#### Provided records

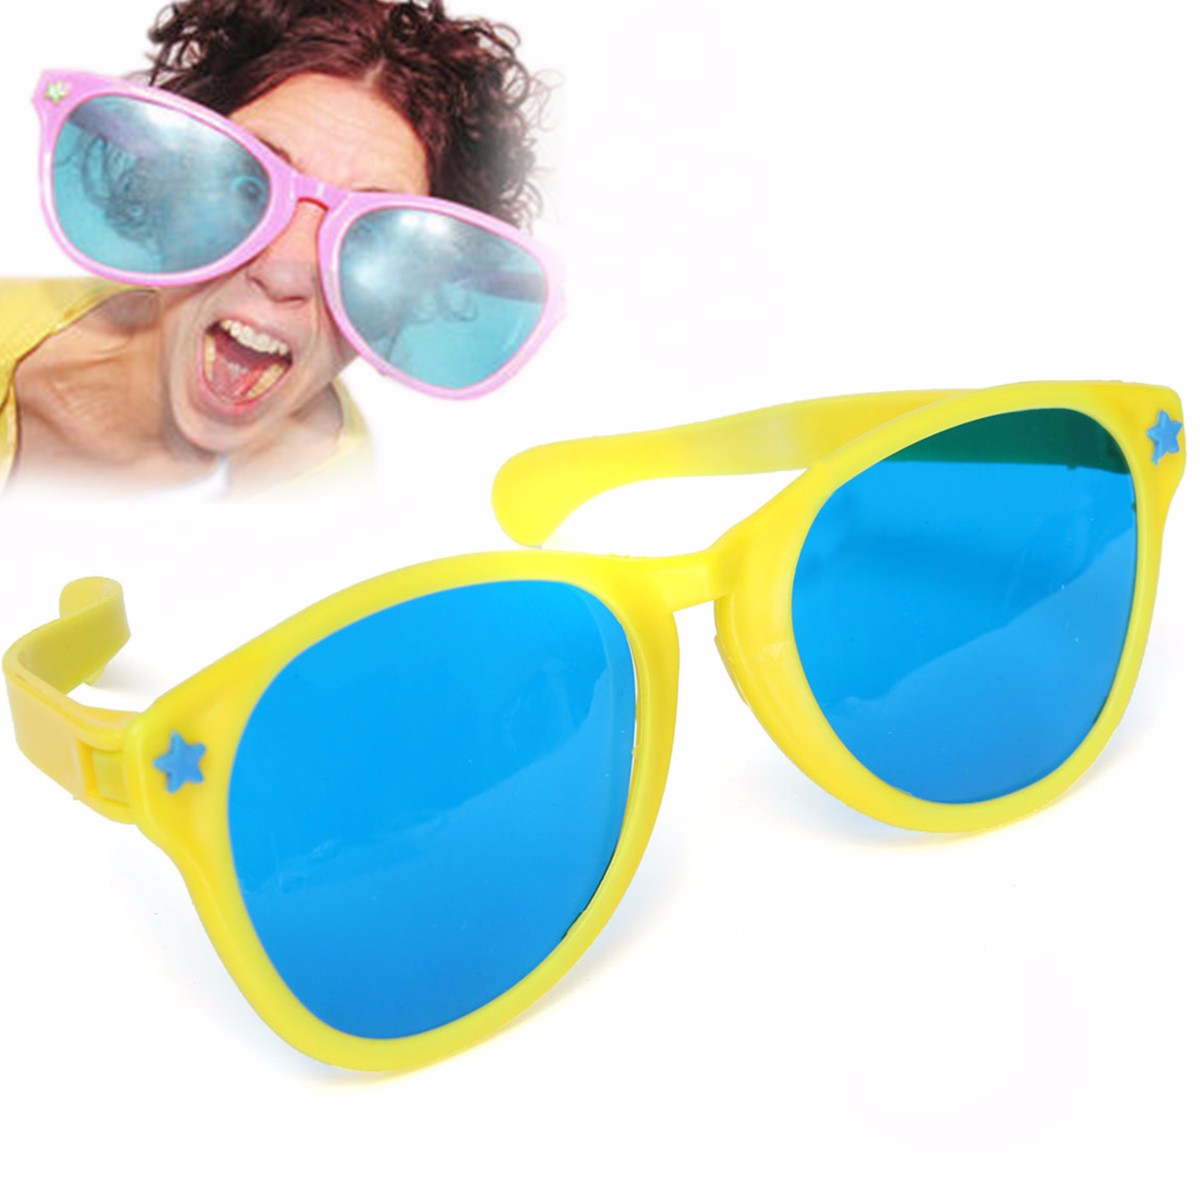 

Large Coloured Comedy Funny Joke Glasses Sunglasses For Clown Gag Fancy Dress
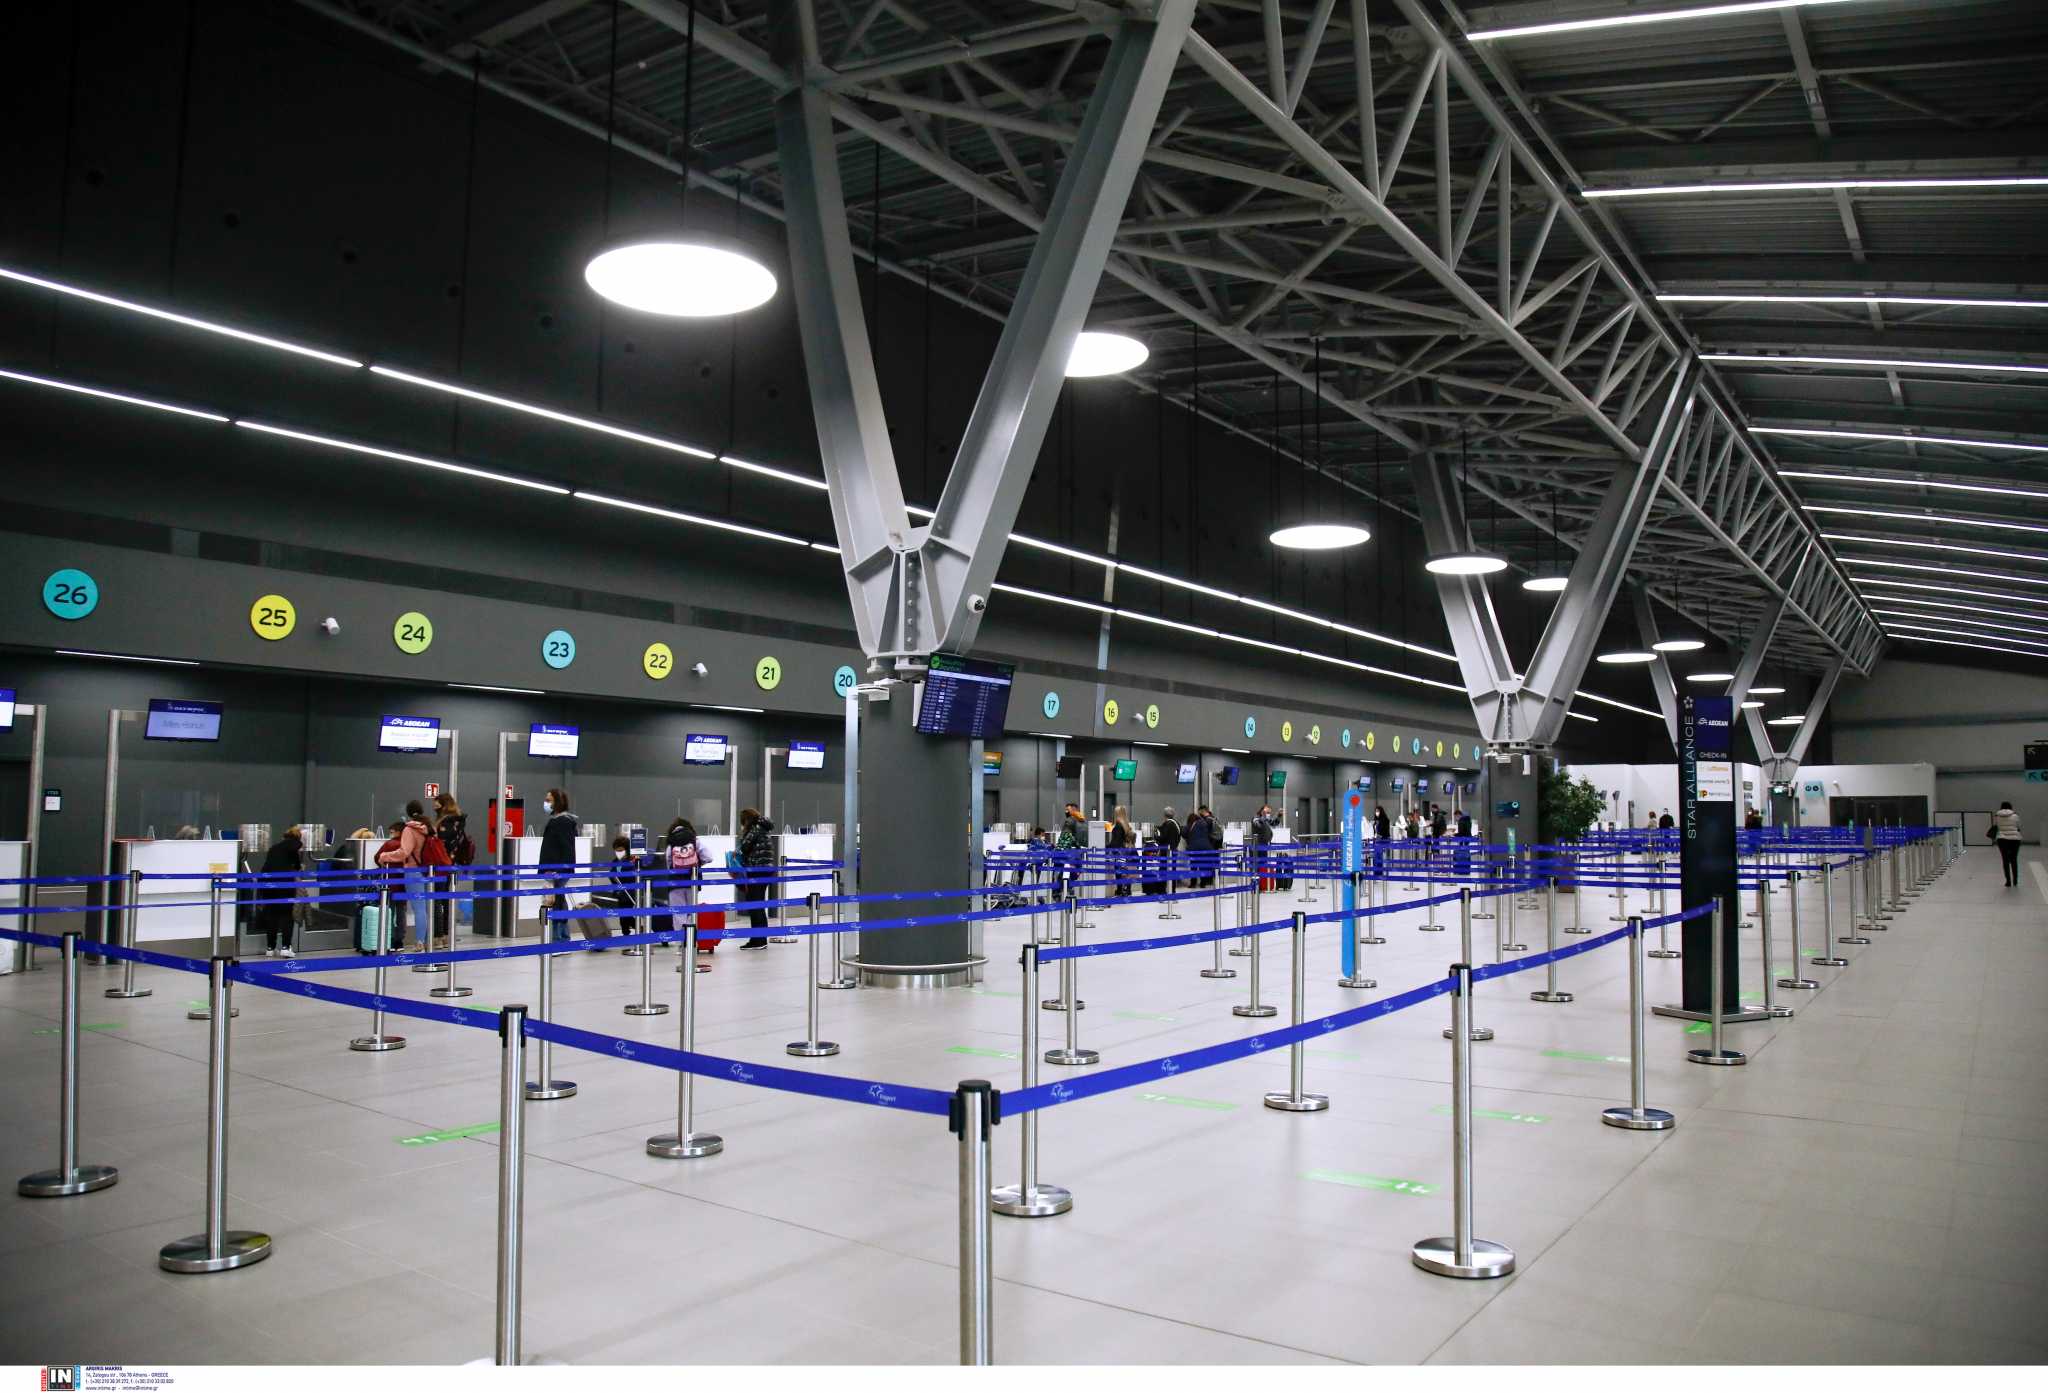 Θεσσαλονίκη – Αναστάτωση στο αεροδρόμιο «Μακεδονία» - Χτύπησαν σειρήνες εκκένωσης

########
#### Provided records

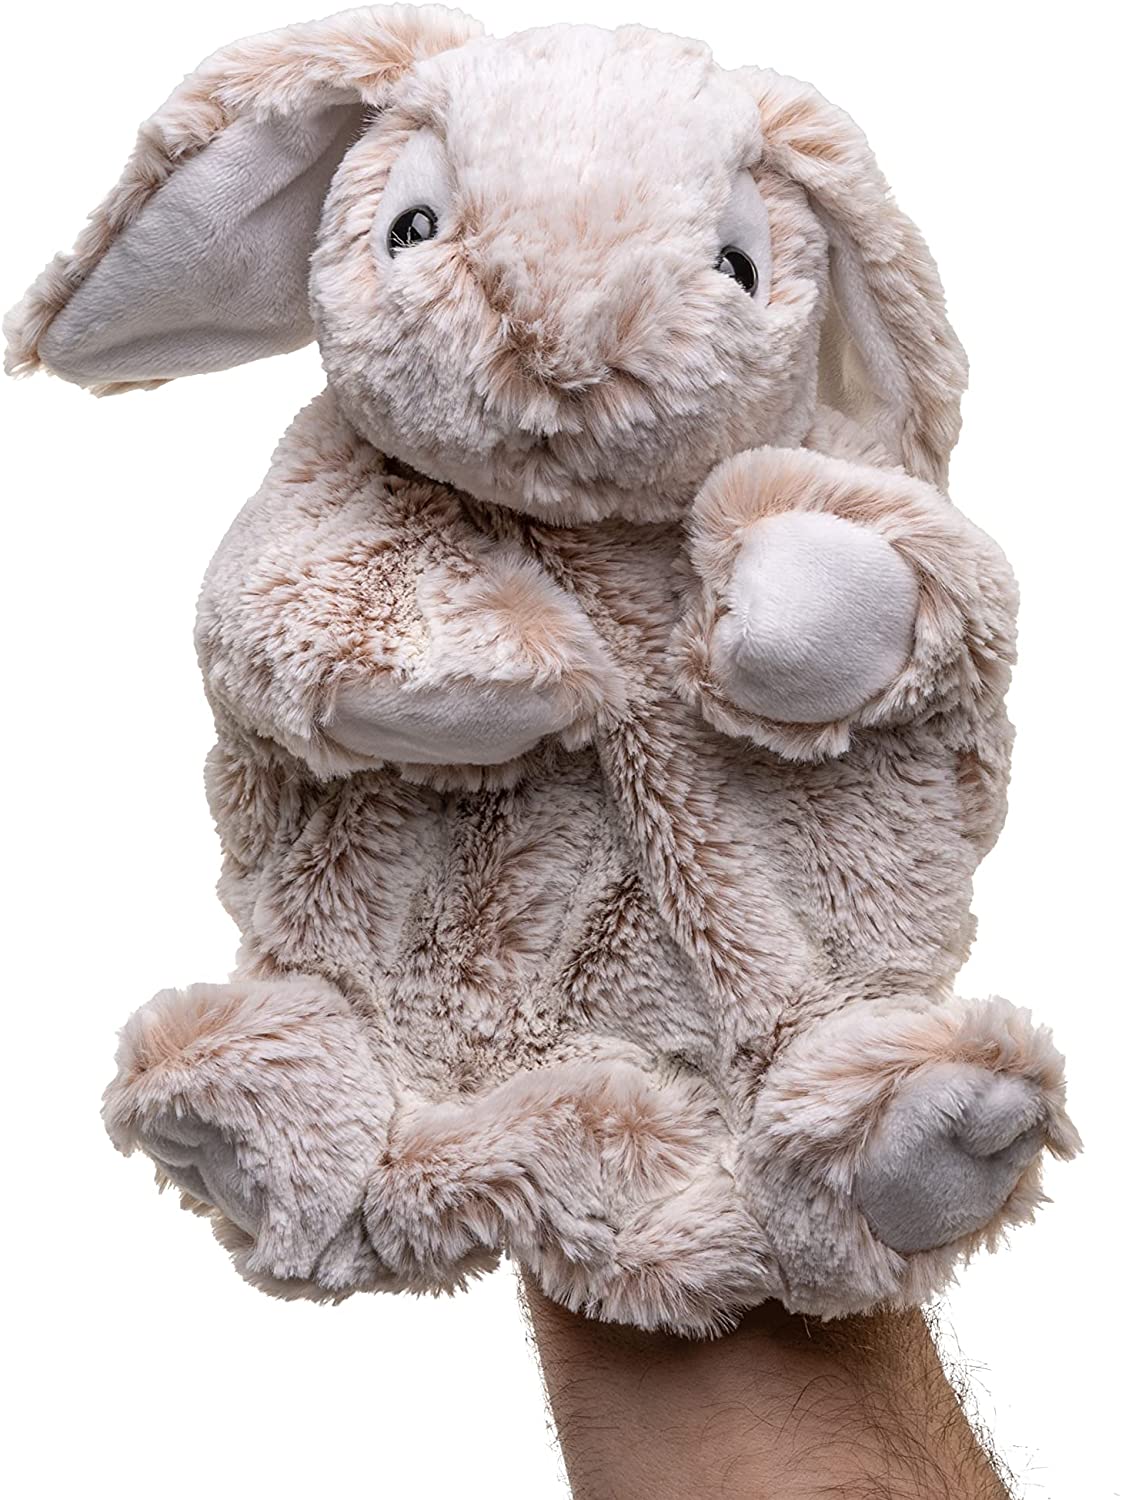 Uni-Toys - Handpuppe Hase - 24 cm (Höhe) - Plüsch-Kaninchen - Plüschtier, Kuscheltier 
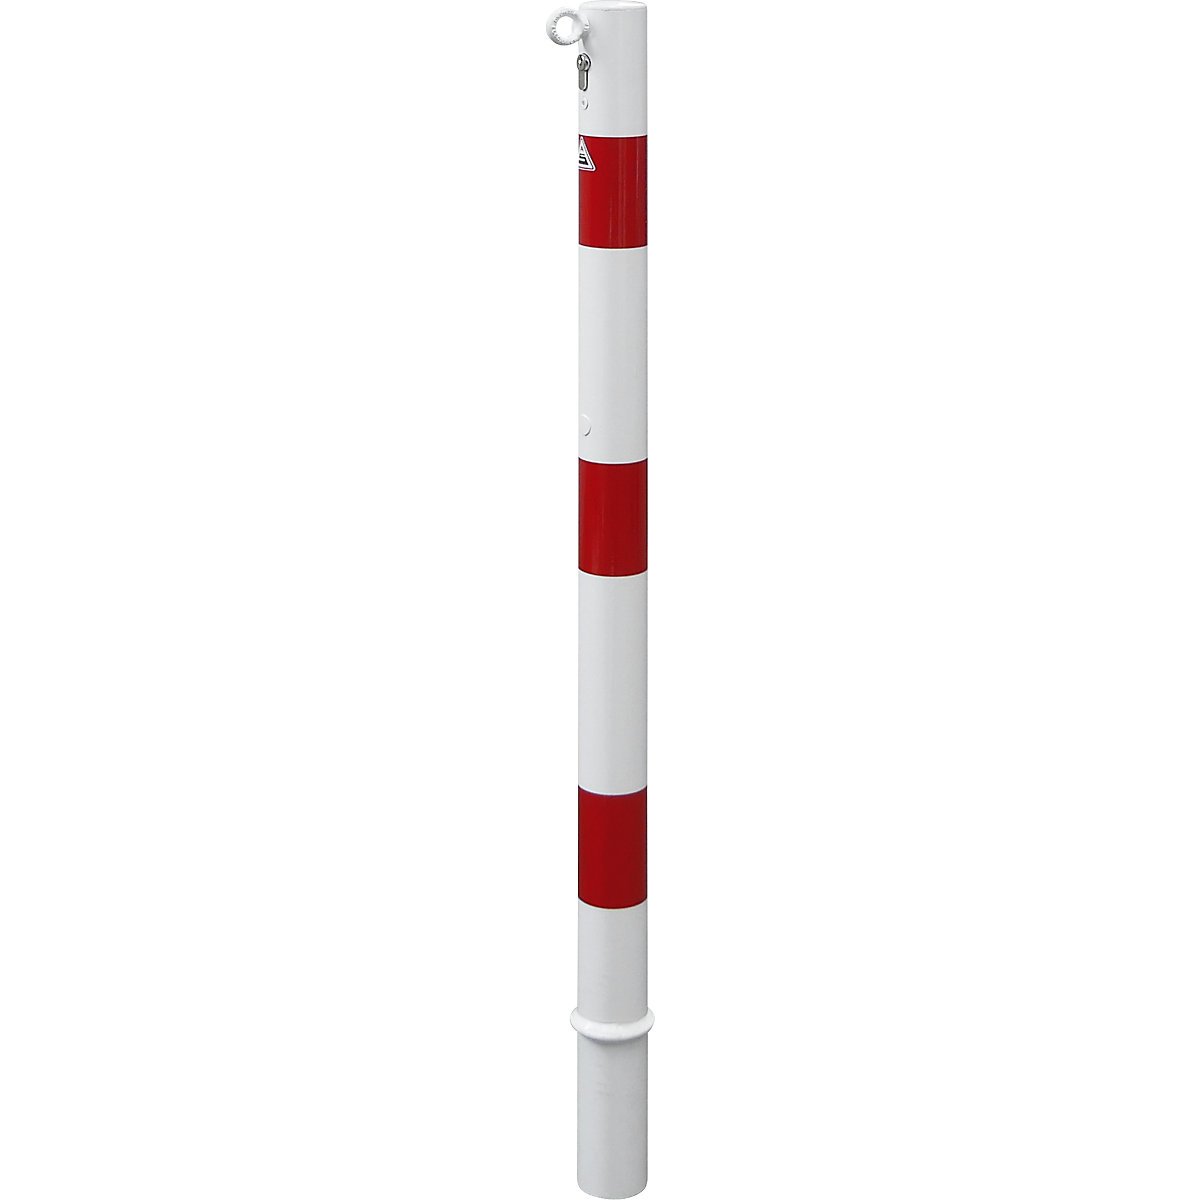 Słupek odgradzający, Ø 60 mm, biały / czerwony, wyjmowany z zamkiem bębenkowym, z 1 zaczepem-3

########

About this exercise –
Above are records; repeat only the lines from the line with "Large Coloured Comedy" through the line with "Θεσσαλονίκη – Αναστάτωση", and leave pictures out.

Reply to the exercise –
Large Coloured Comedy Funny Joke Glasses Sunglasses For Clown Gag Fancy Dress
 Θεσσαλονίκη – Αναστάτωση στο αεροδρόμιο «Μακεδονία» - Χτύπησαν σειρήνες εκκένωσης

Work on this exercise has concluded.